GloucesterTimes.com, Gloucester, MA

Lifestyle

February 9, 2011

Tastes of our Cape: Valentine's chocolate, wine and love

This year, celebrate Valentine's Day with a little nuance.

Wine and chocolate are the classic accompaniments to the romance of Feb. 14. But why not spend a little time figuring out what it is about chocolate and what it is about wine that makes each one the perfect (or imperfect) partner for the other?

Chocolate, like love, comes in a wide variety of shapes, sizes, flavors and compositions. Wine, also like love, comes in a wide variety of intensities, textures, flavors, and characteristics.

Putting them together, like love, sometimes works and sometimes doesn't.

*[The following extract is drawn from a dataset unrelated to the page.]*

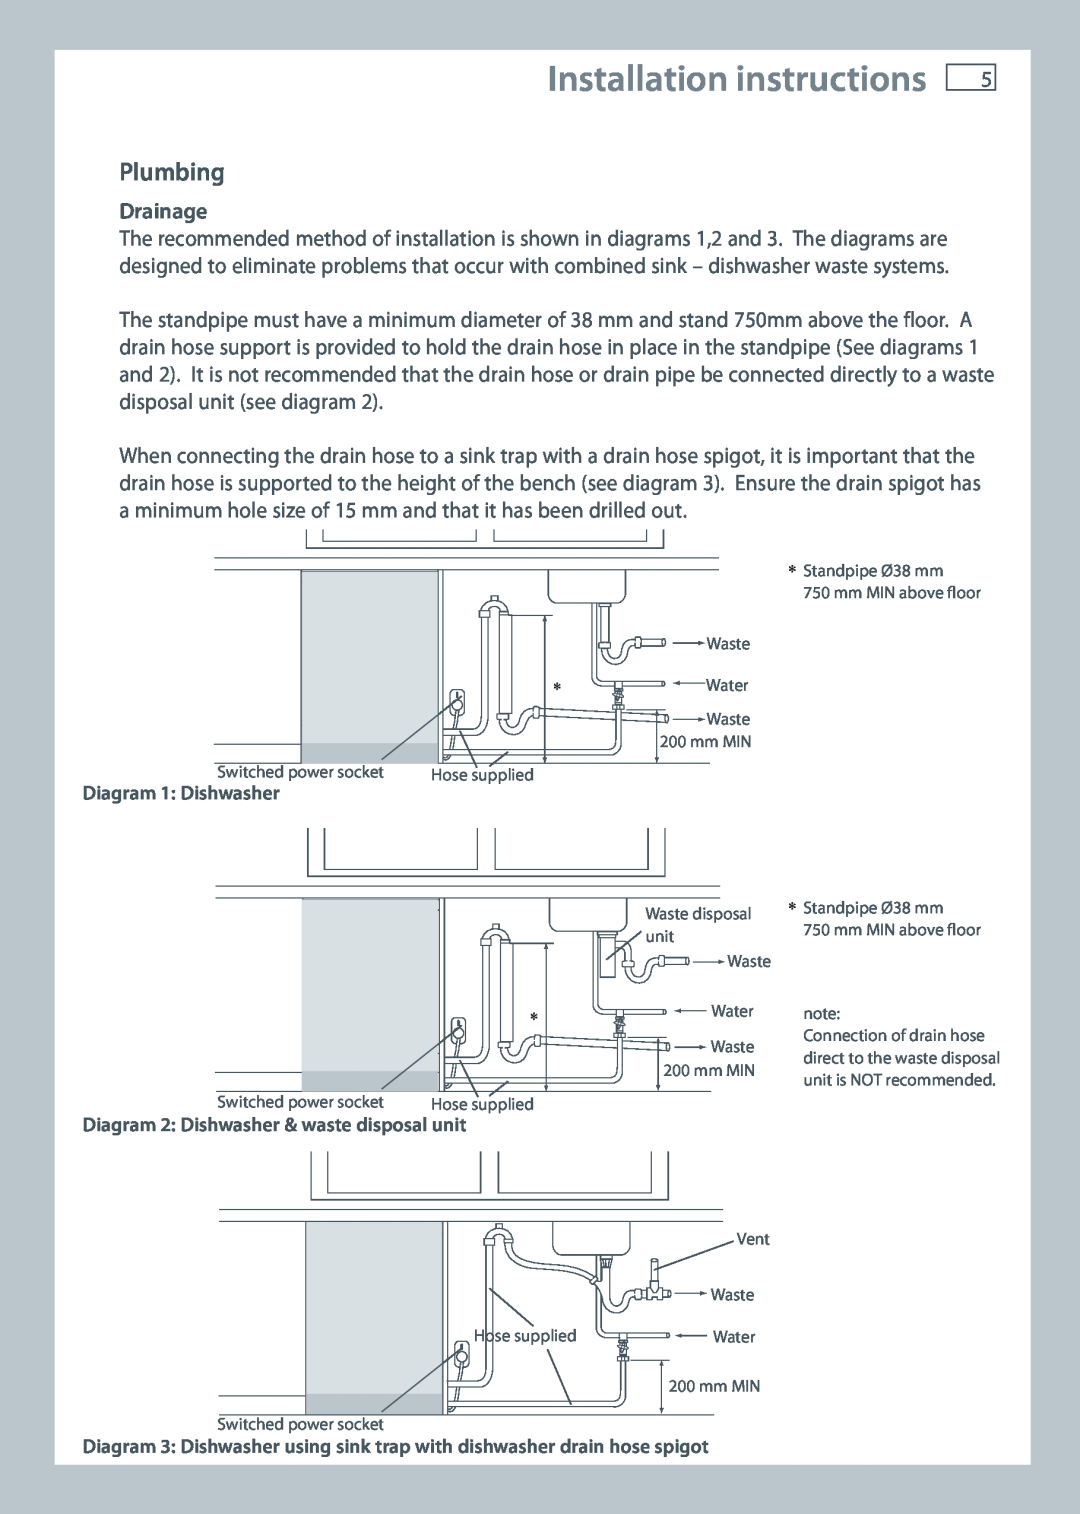 Fisher & Paykel DW60 installation instructions Installation instructions, Plumbing, Drainage

This year, see what does it for you.

Try this. Go to a chocolate shop — or the specialty chocolate section of your local grocery — and choose four or five flavors that appeal to you in some way. Maybe it's the salted caramel chocolate. Maybe it's the darkest chocolate available. Maybe it's white chocolate. The specific varieties don't matter. What matters is that there's a range of different samples.

Then go to a wine shop — or take a good look at the bottles you have at home - and, just like with the chocolates, choose four or five different "flavors" that appeal to you for some reason. I'd suggest a bottle each of something sparkling, white, red, and a fortified wine such as port or cognac. Specific brands don't matter. Again, what matters is that there's a range of samples.

Then go home and set up the tasting. You can arrange it so that the chocolate is your fixed point and you taste through the wines one by one with the "fixed" chocolate. Or you can arrange it so that the wine is your fixed point and you taste through the chocolates one by one with the "fixed" wine.

Either way is completely fine. Just make sure there are enough portions of chocolate and enough wine glasses ready for the number of your guests.

What is usually the curveball for me when I do this tasting is the white chocolate and the white wine.

Partly it's because of preconceived notions, such as white chocolate isn't "really" chocolate or that (as you see in so many popular images of wine and chocolate pairings) the wine has to be red and the chocolate dark.

But what often ends up happening with the white wine and white chocolate in the tasting is exactly what's so entertaining about curveballs: you just never know.

Maybe you take a pass and wait for a better pitch. The pairing could completely strike out. Or you could — almost by pure chance — hit a home run with the perfect combination.

You never know unless you try.

And if you're wondering about the baseball metaphor, remember that Valentine's Day this year is also the day that Boston Red Sox pitchers and catchers report for spring training. Play ball!